Star Wars_ Planet of Twilight - Barbara Hambly [16]
Brassy lights flared over Marcopius’s dark frown, and the cool, neutral voice of an emergency recording began to announce monotonously, “This vessel is in stage two of hyperspace sequence. Taking a scout craft out at this time is extremely dangerous. Contact the main bridge and review your instructions. This vessel is in stage two of hyperspace sequence …”
“Hyperspace!” wailed Threepio. “Who could be taking it into …”
“One of the synthdroids. No one else is alive.” Marcopius delicately lifted the scout boat from its moorings and swung its nose weightlessly toward the black rectangle of the portal. “Can’t you shut that thing up?”
“I’m terribly sorry, Yeoman Marcopius, but my program forbids me to tamper with safety equipment of any kind.”
The young man made a final sequence of adjustments, lip between his teeth, sweat glistening on his forehead, while the warning voice repeated over and over that it was extremely dangerous to take out a scout craft of any kind. Ahead of them, through the portal, they saw the Adamantine flash bright as it turned, accelerating, then vanished in a spangle of hyperblue light.

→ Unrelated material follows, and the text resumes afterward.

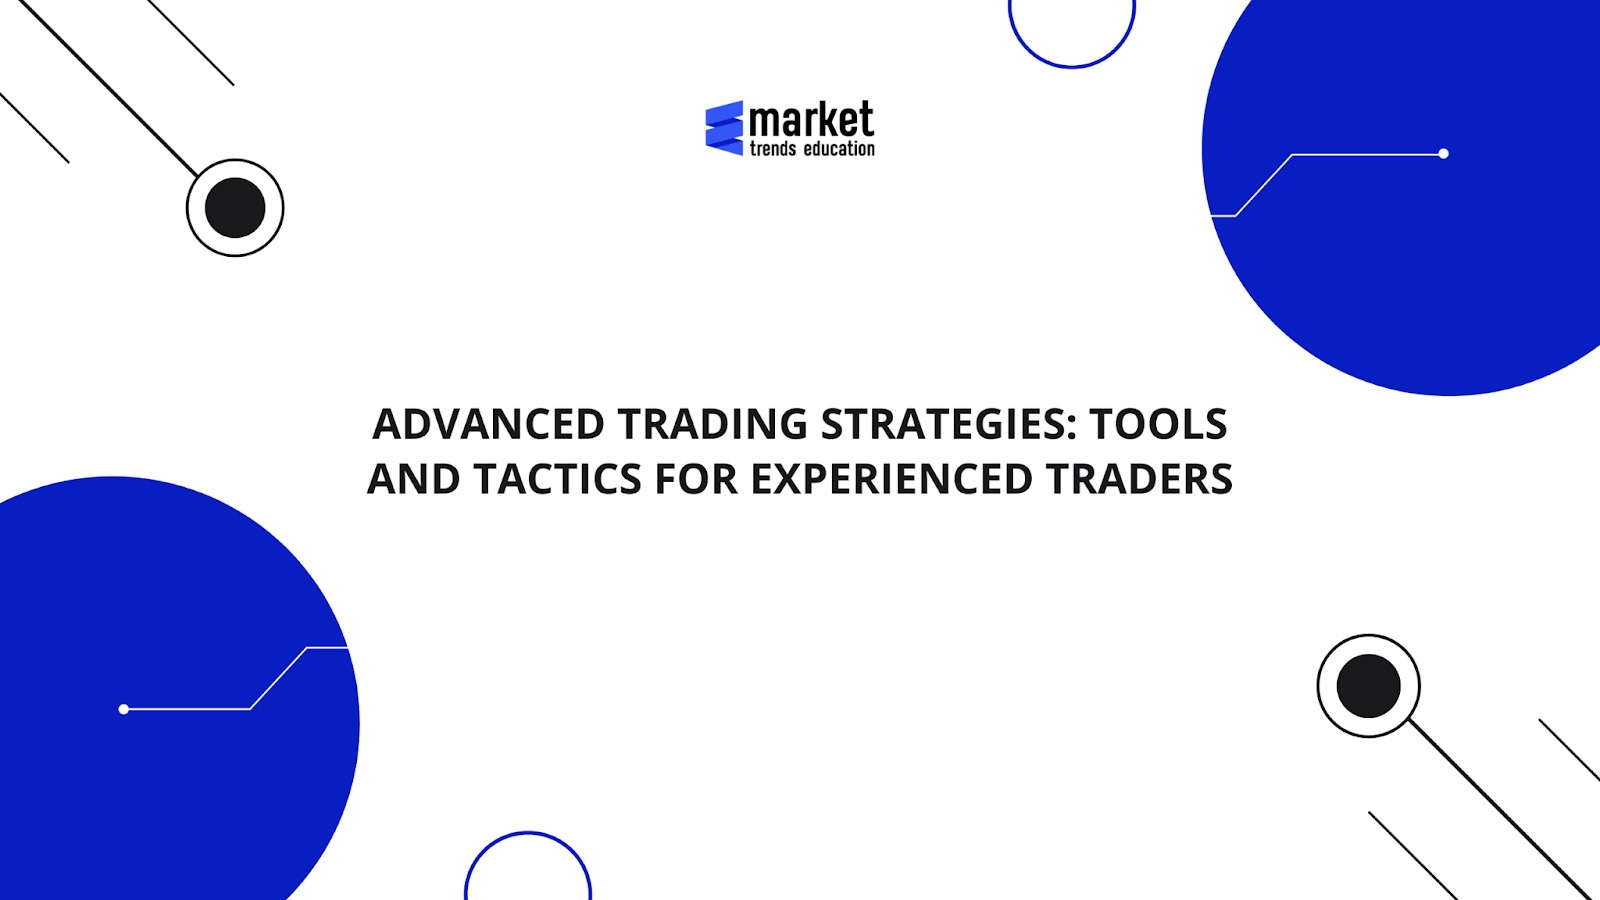 Advanced Trading Strategies: Tools and Tactics for Experienced Traders

“Where can they be going?” nattered Threepio. “That’s nowhere near the hyperspace jump point for Coruscant. If we can somehow extrapolate from the jump point to learn where they’re going …”

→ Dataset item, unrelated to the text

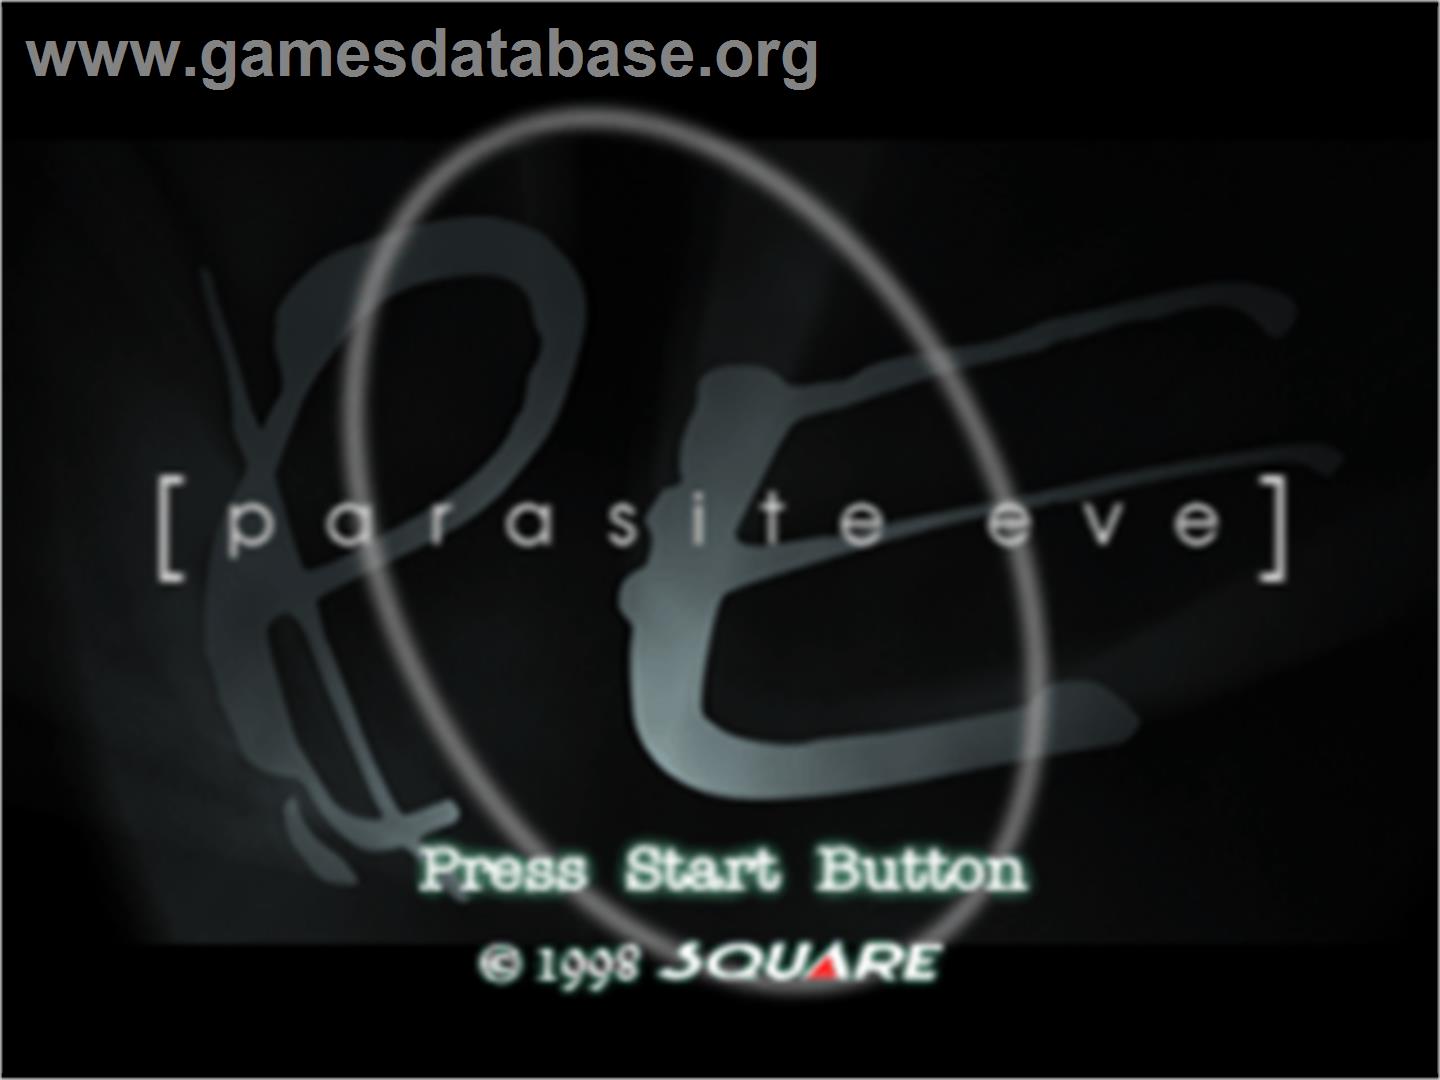 Parasite Eve - Sony Playstation - Artwork - Title Screen

“They’re not going anywhere.” Marcopius was breathing hard now, setting the controls. On the decoder screen before them the digitalized images of the flagship and its escort continued to float among the empty, lifeless worlds that comprised most of the sector. “They’re just taking the ships into hyperspace, period. Don’t you see? The whole point has to be that Her Excellency vanishes, without a trace, after she’s seen to leave the rendezvous safely. They must have one turbo-powered holo faker working for them.” He put his hand to his chest, as if to massage away some deep, troubling ache. “Hang on.”
He eased forward on the levers, sweat sparkling in the cropped suede of his hair in the doubled glare of amber and scarlet warning lights. The small, boxlike craft slid through the magnetic portal and flipped immediately down, around, avoiding the Borealis’s stabilizers, picking up speed while interacting with a far larger vessel, which was ripping along at thousands of kilometers per second.
Threepio clutched at the back of the empty navigator’s station, circuits momentarily jammed with alarm. Artoo let out a long, trilling wail as the scout boat whipped by inches from the bigger ship’s secondary tanks. The wake of the flagship’s magnetic field tossed and dragged the little craft like a chip in a riptide. Marcopius’s dark hands flickered and danced from levers to joystick to toggles as huge sheets of metal and rivets rocketed past the observation ports, alternating with slabs of interstellar blackness already shimmering with the light-shift effects of hyperspace sequence. Then the scout boat plunged away, spinning dizzily, stars and ships and planets reeling in a disorienting tumble past the ports. There was a blinding flash, far too near for comfort, as the Borealis plunged into the glimmering void of quasi-reality that was called “hyperspace” for lack of any better term.
Far to starboard, as Marcopius stabilized the spinning scout boat, the Light of Reason had left orbit as well, streaking toward the Nam Chorios primary like an incandescent teardrop.
“Shall we go after them?”
“And do what?” The young yeoman’s hands were trembling where they lay on the console. “Throw spit-balls at them? This is a scout boat, not an E-wing. Besides, we’re too big to make it past those gun stations they were talking about.”
He nodded toward the viewport, where the Light of Reason was diminishing into the stars. “Just looking at that ship I’d guess it comes apart and goes down to the planet in self-powered sections, leaving the main reactor in orbit. It’s the only way they could get enough bulk for even limited hyperspace capability.”